Effective extraction of valuable products from of these types of mineral formations involves distribution of heat throughout a large volume of ore. Consequently, applying the heat at the highest possible temperature is desirable. However, heterogeneities in geology may affect the rate at which the formation may accept and dissipate heat. If the power of the heater is constant along its length, that may cause underheating or overheating in parts of the formation that dissipate the heat more quickly or more slowly than average. That underheating or overheating might cause local underconversion or product degradation.

Some existing systems intended to prevent overheating involve temperature-limited electric heaters that are designed for in-situ mineral extraction. The temperature limit enables the maximum allowable power to be applied to the entire formation, even when the heat acceptance varies with location in the formation. The resistance of the heating elements or dielectrics in the heaters is often temperature dependent, such that the power lowers as a target temperature is reached to prevent overheating. Such methods may, for example, use the Curie point of the conductor to change its resistance at a desired maximum temperature.

SUMMARY

A heating system for a subterranean mineral formation according to embodiments of the present invention includes a casing positioned in a bore in the subterranean mineral formation, the casing having an outer surface and an inner surface, a heating element positioned within the casing, a surface connection system having a first end coupled to the heating element within the casing and a second end at a top ground surface above the subterranean mineral formation, and a heat transfer fluid contained within the casing, the heat transfer fluid configured to transfer heat between the heating element and the inner surface of the casing, wherein at least a portion of the heat transfer fluid is undergoing phase changes between liquid and gas in order to regulate a temperature of the casing.

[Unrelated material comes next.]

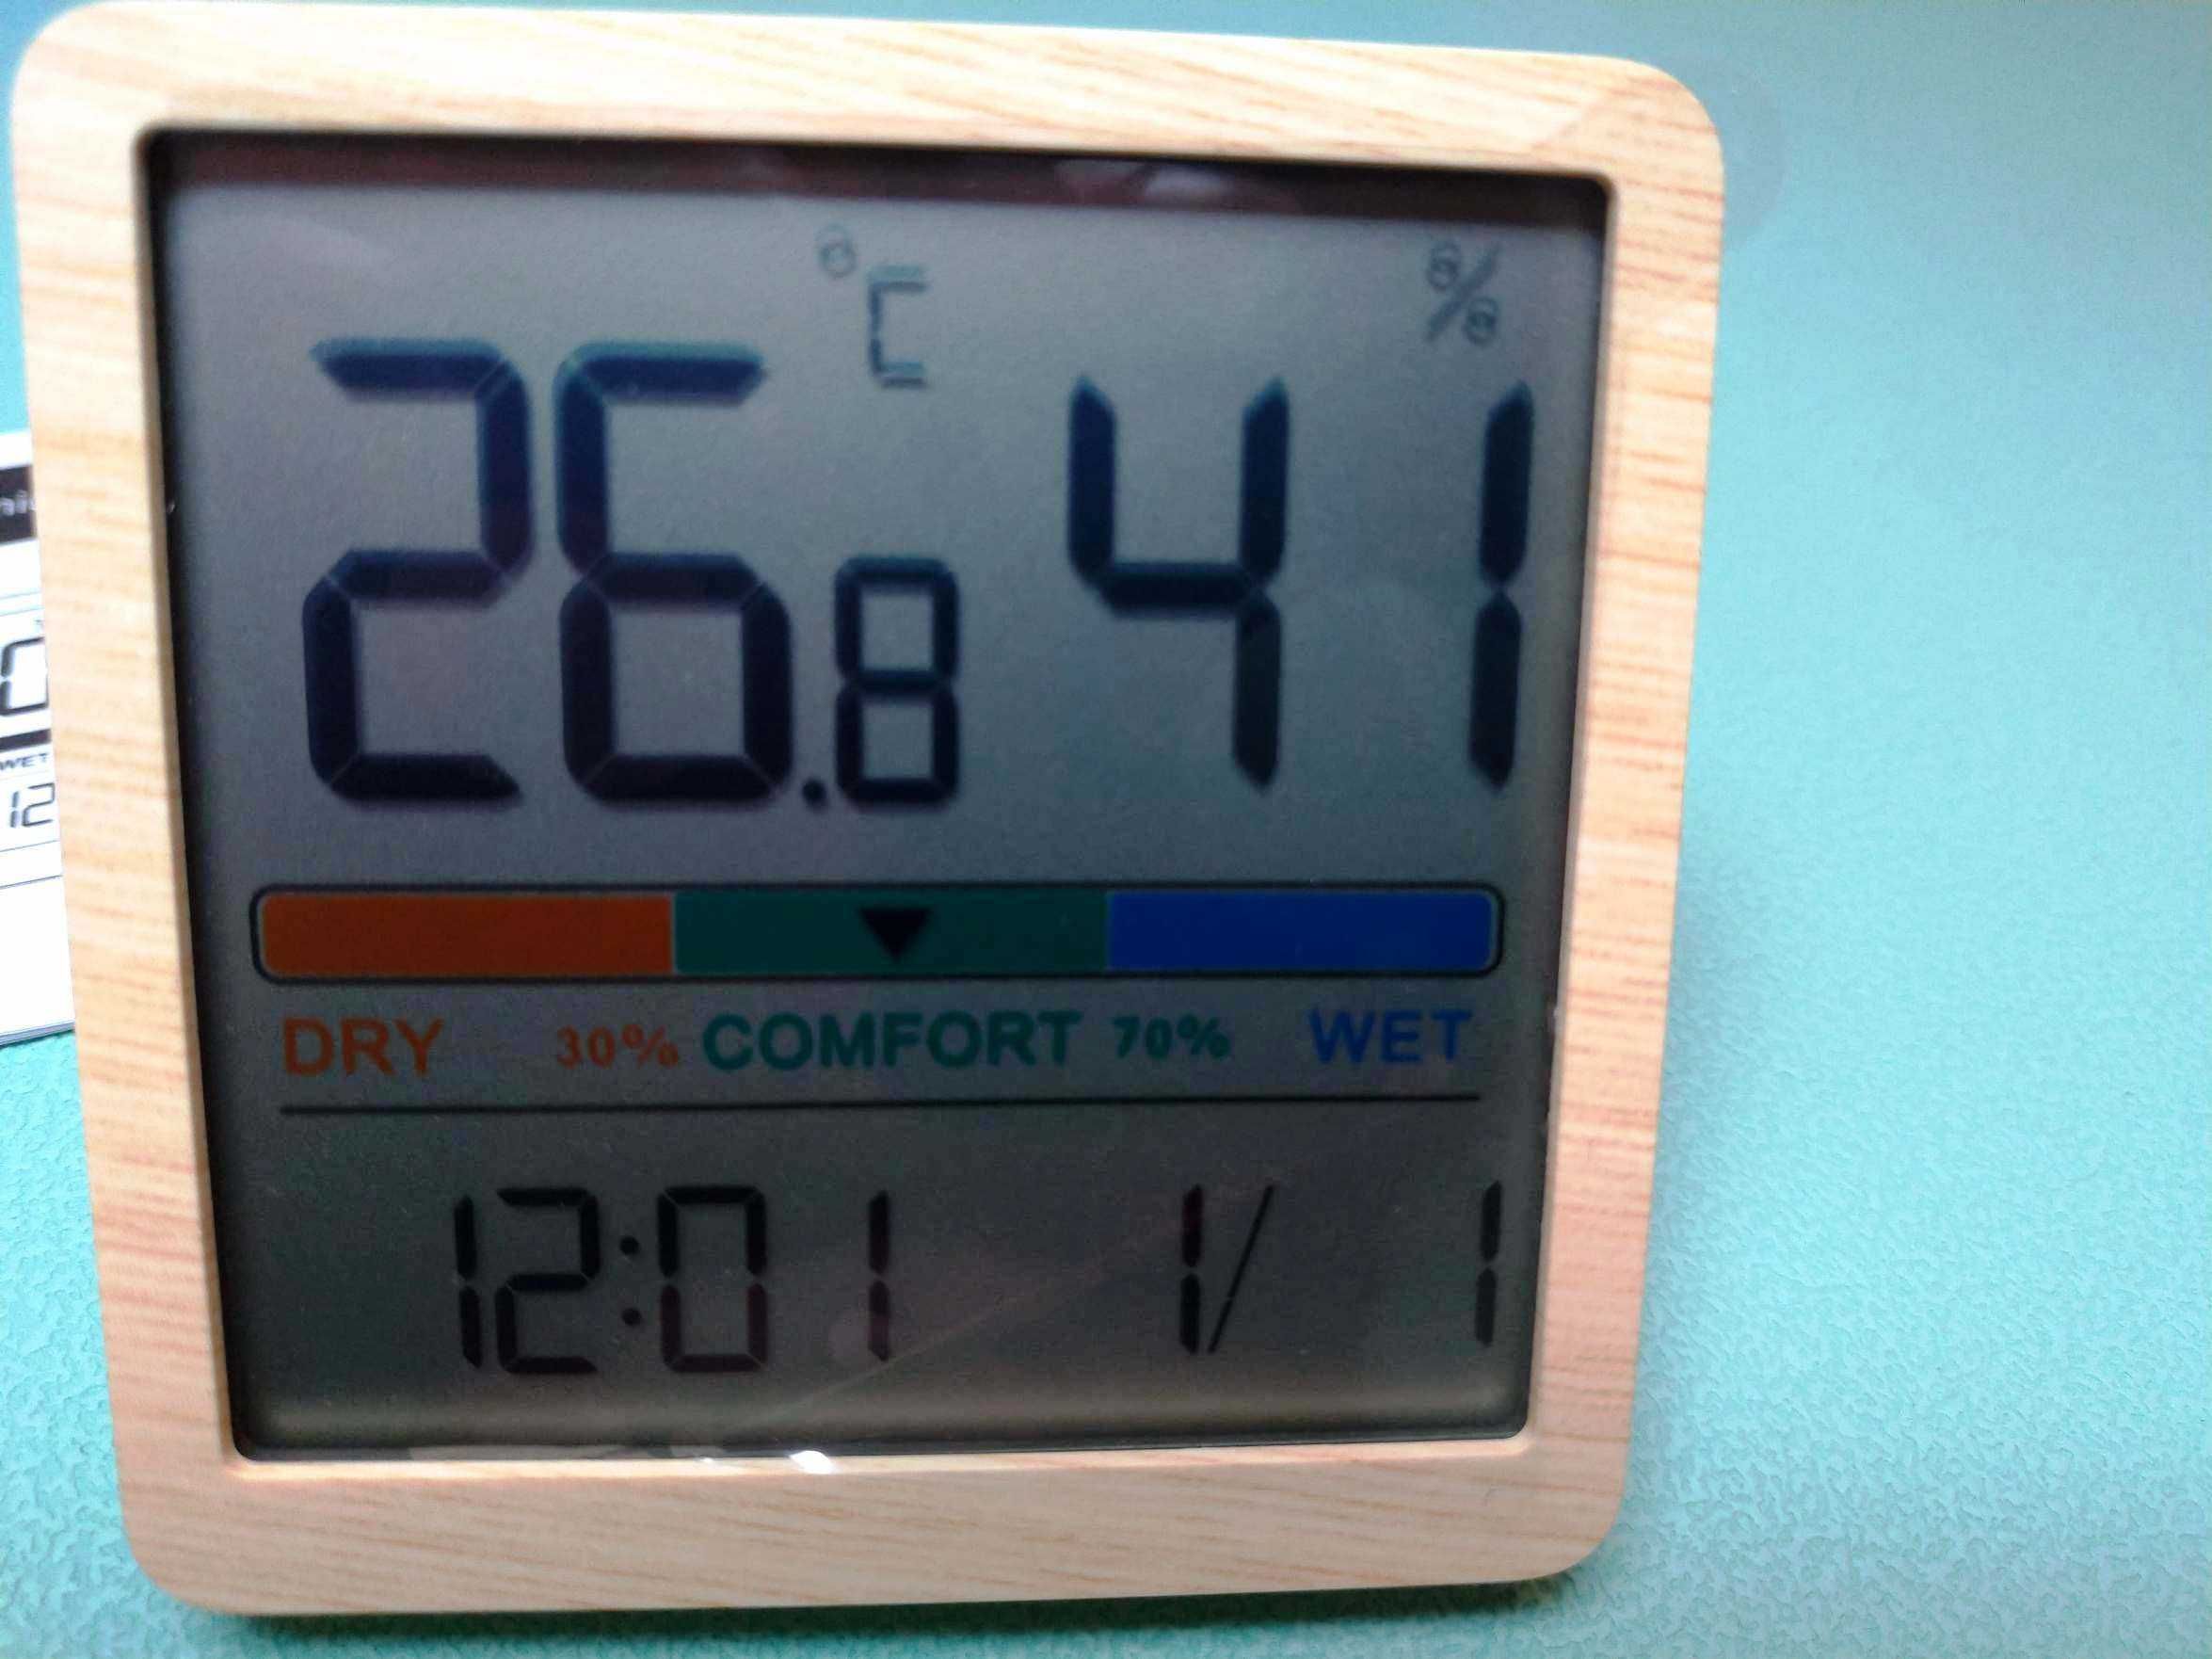 Цифровой часы-гигрометр Clock Xiaomi Humidity влажность температура

A method for heating a subterranean mineral formation according to embodiments of the present invention includes placing a casing within in a bore in the subterranean mineral formation, the casing having an outer surface and an inner surface, a heating element positioned within the casing, and a heat transfer fluid contained within the casing. The method further includes supplying power to the heating element, and causing at least a portion of the heat transfer fluid to undergo phase changes between liquid and gas in order to regulate a temperature of the casing, the heat transfer fluid transferring heat from the heating element to the casing.

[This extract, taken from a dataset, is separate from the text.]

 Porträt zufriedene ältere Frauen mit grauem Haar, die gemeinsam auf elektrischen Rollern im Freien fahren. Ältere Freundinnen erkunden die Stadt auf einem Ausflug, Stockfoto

A heating system for a subterranean mineral formation according to another embodiment of the present invention includes a casing positioned in a bore in the subterranean mineral formation, the casing having an outer surface and an inner surface, a heating element positioned within the casing, wherein the casing is at least partially immersed in a boiling fluid in the bore of the subterranean mineral formation, wherein the boiling fluid enhances heat transfer from the outer surface of the casing to the subterranean mineral formation, and a plurality of fins on the outer surface of the casing, the plurality of fins configured to enhance a rate of heat transfer between the casing and the subterranean mineral formation.

While multiple embodiments are disclosed, still other embodiments of the present invention will become apparent to those skilled in the art from the following detailed description, which shows and describes illustrative embodiments of the invention. Accordingly, the drawings and detailed description are to be regarded as illustrative in nature and not restrictive.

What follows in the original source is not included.